* **WHAT IS EXPECTED**
Set down the data below word for word, and leave the images aside.

* **DATASET SECTION**
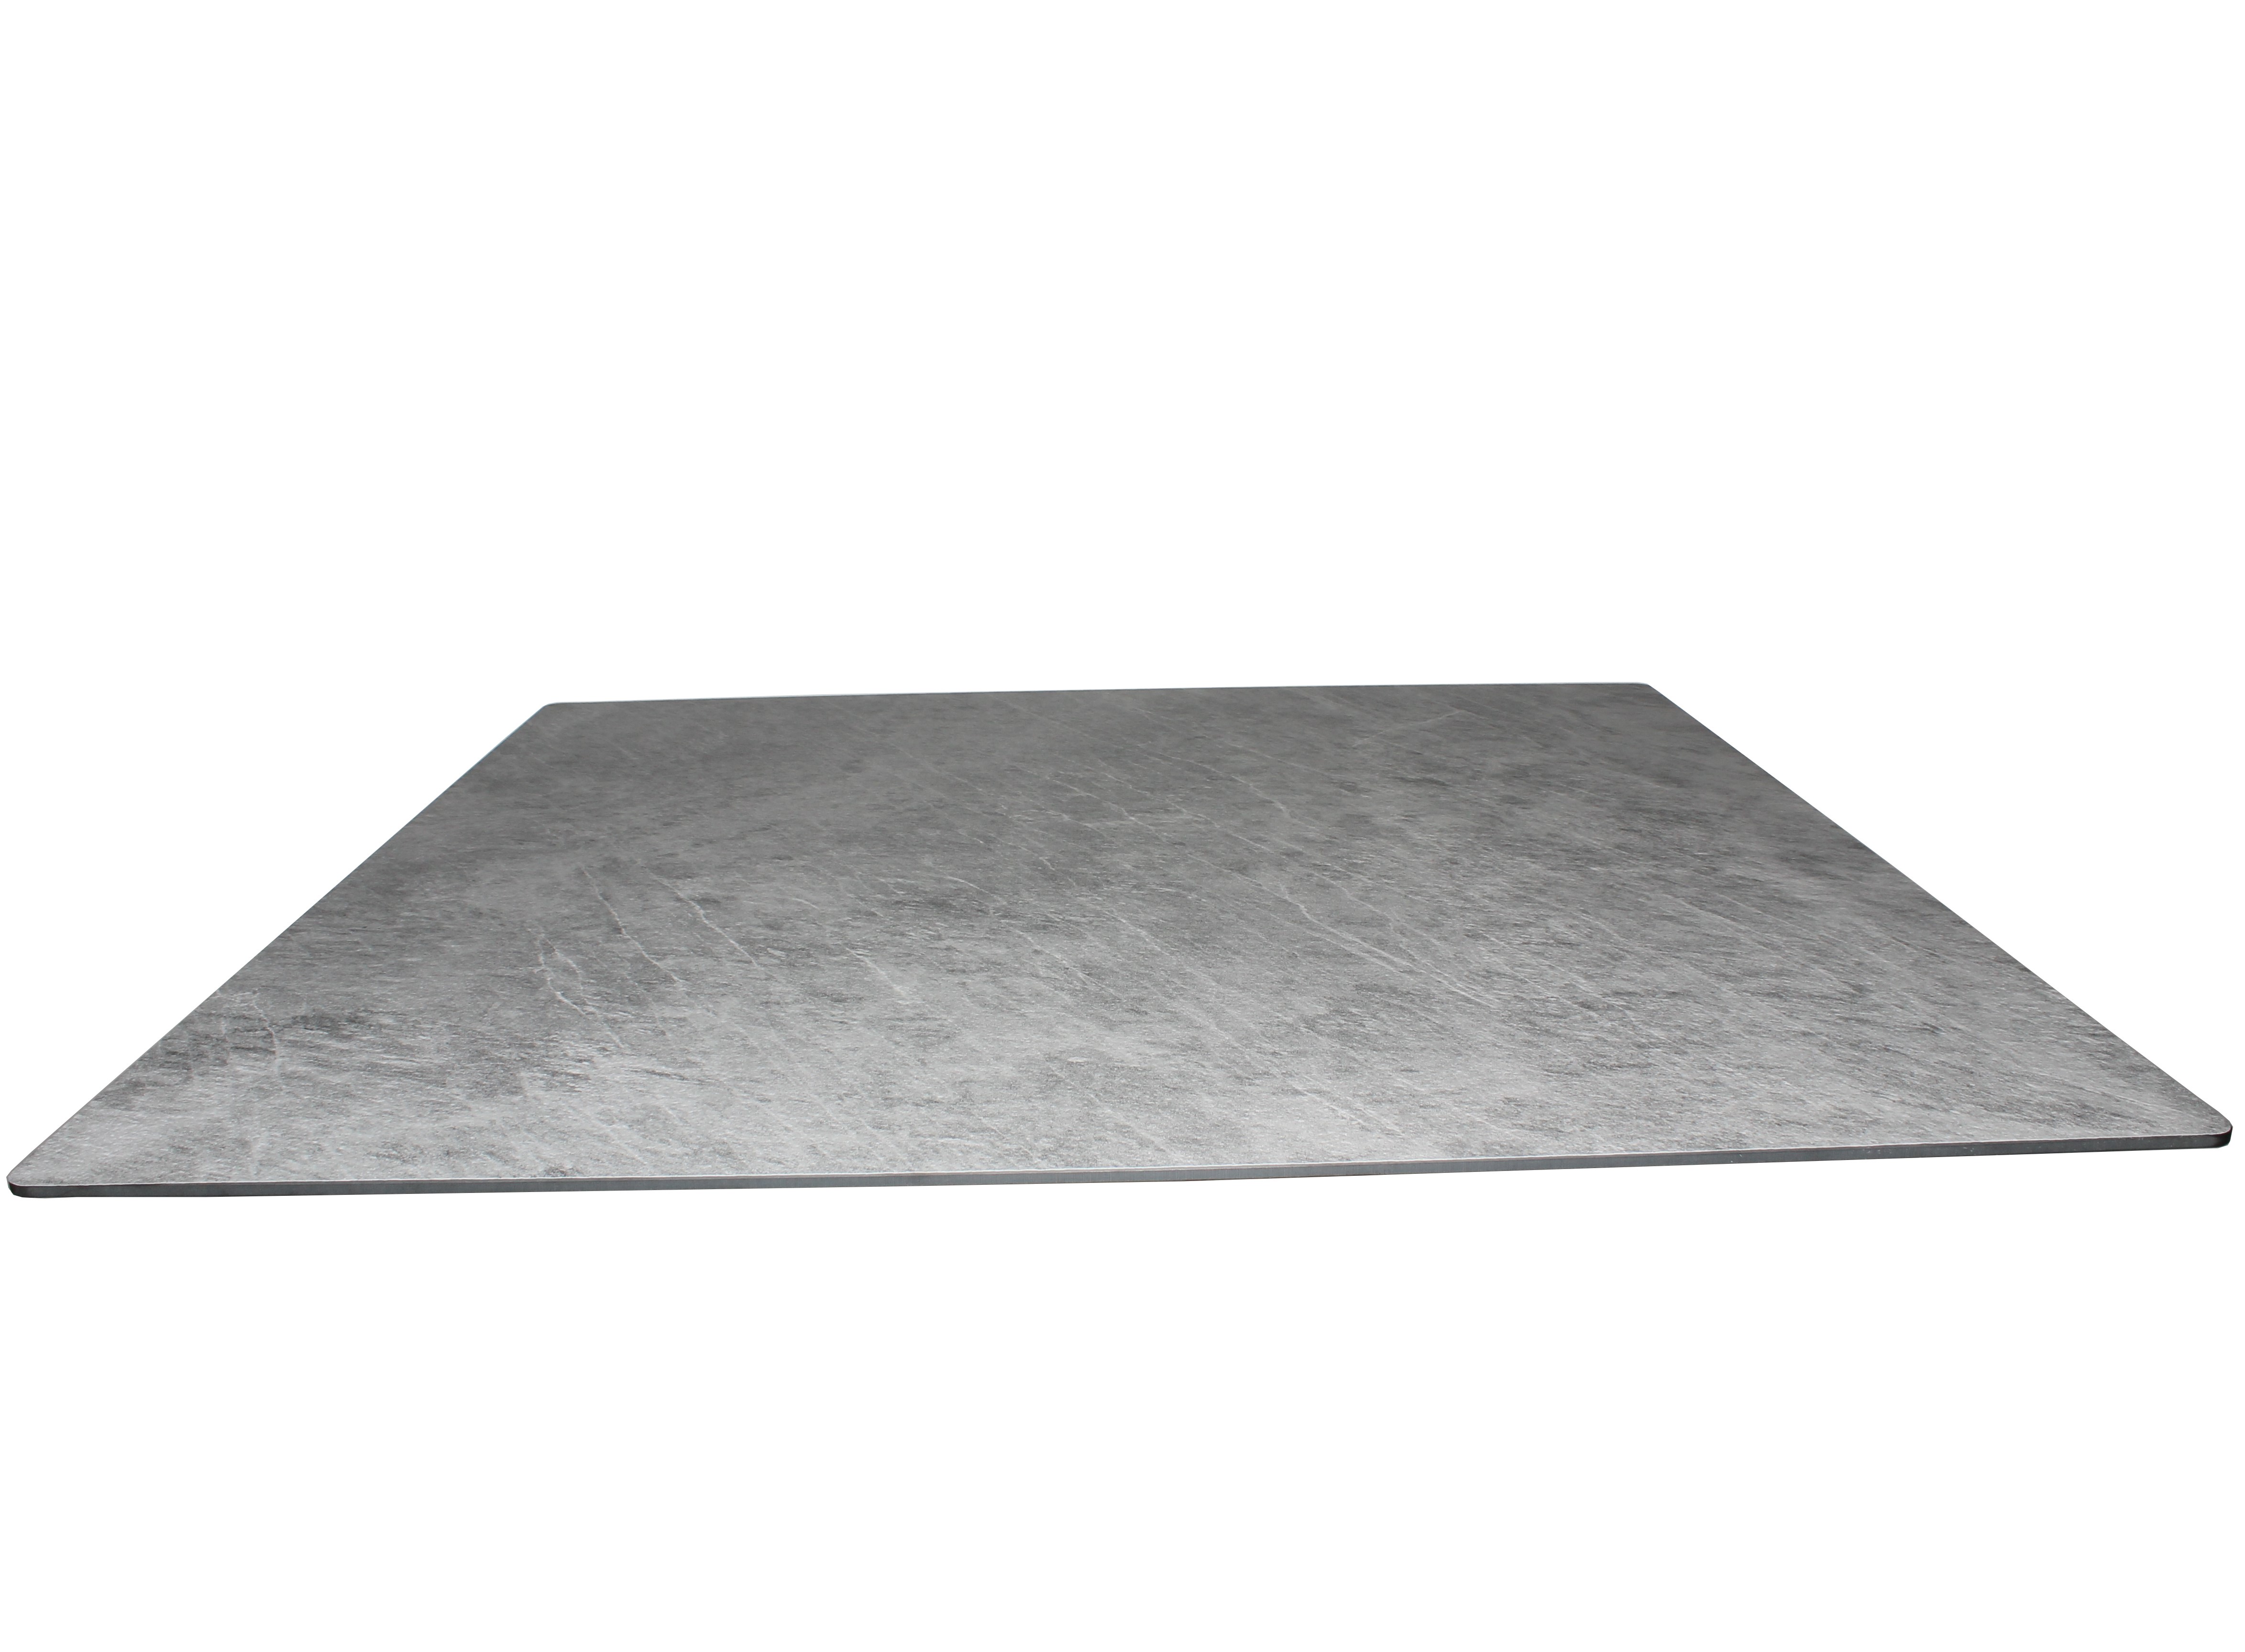 Tisch VISION mit einer HPL-Kompakt-Tischplatte - Industrial-Design Marmor hell, 69 x 69 cm
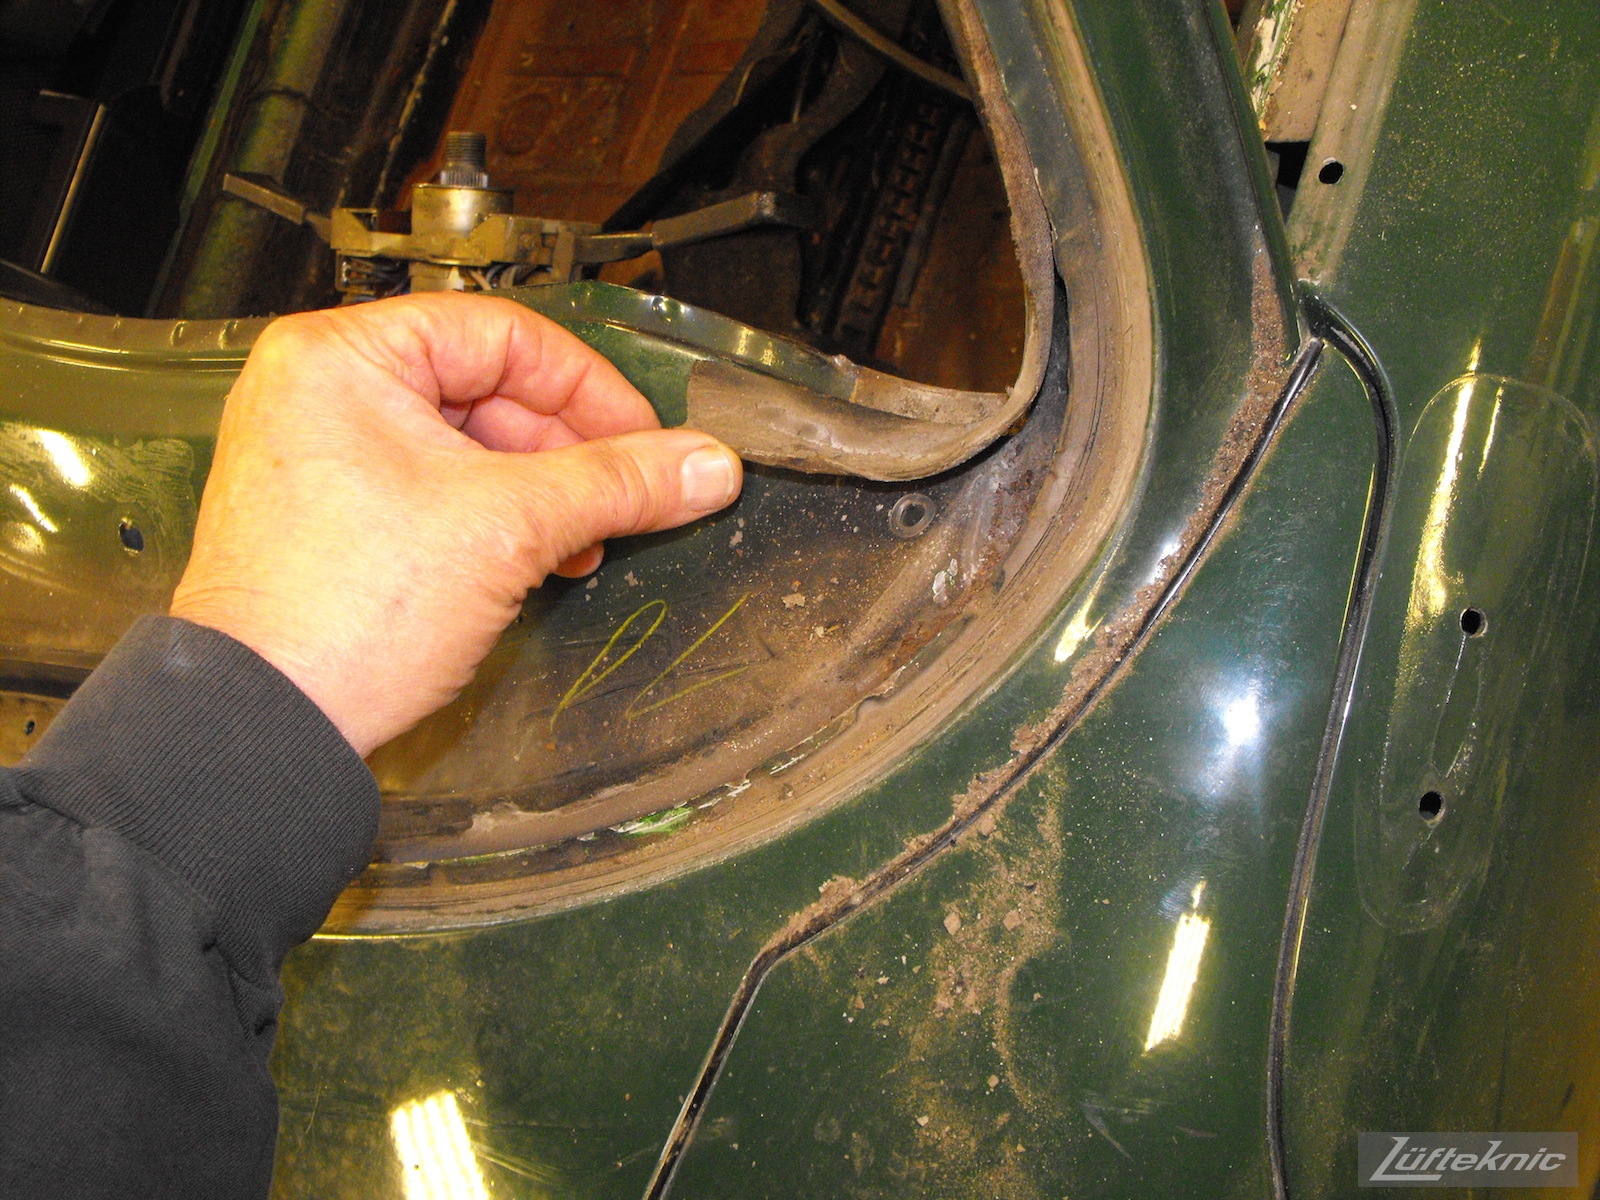 front dashboard details on an Irish Green Porsche 912 undergoing restoration at Lufteknic.
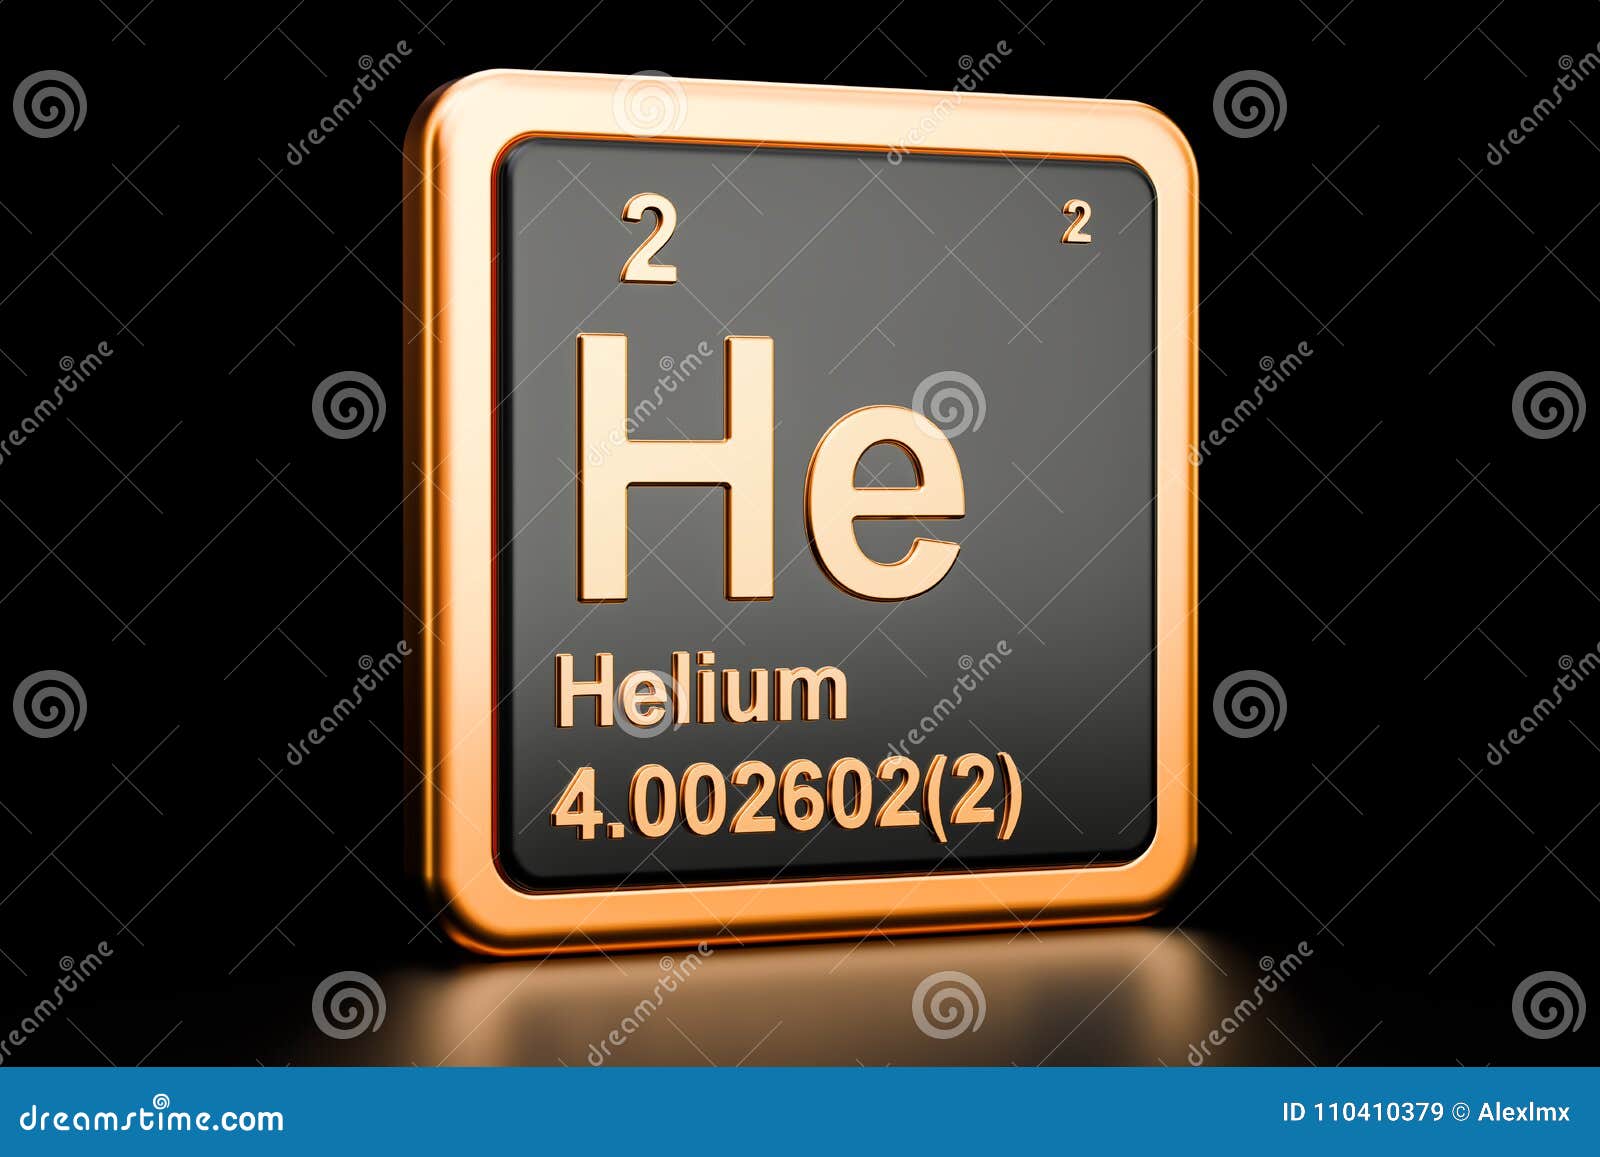 helium he chemical . 3d rendering

* **SOLUTION**
 Tisch VISION mit einer HPL-Kompakt-Tischplatte - Industrial-Design Marmor hell, 69 x 69 cm
 front dashboard details on an Irish Green Porsche 912 undergoing restoration at Lufteknic.
 helium he chemical . 3d rendering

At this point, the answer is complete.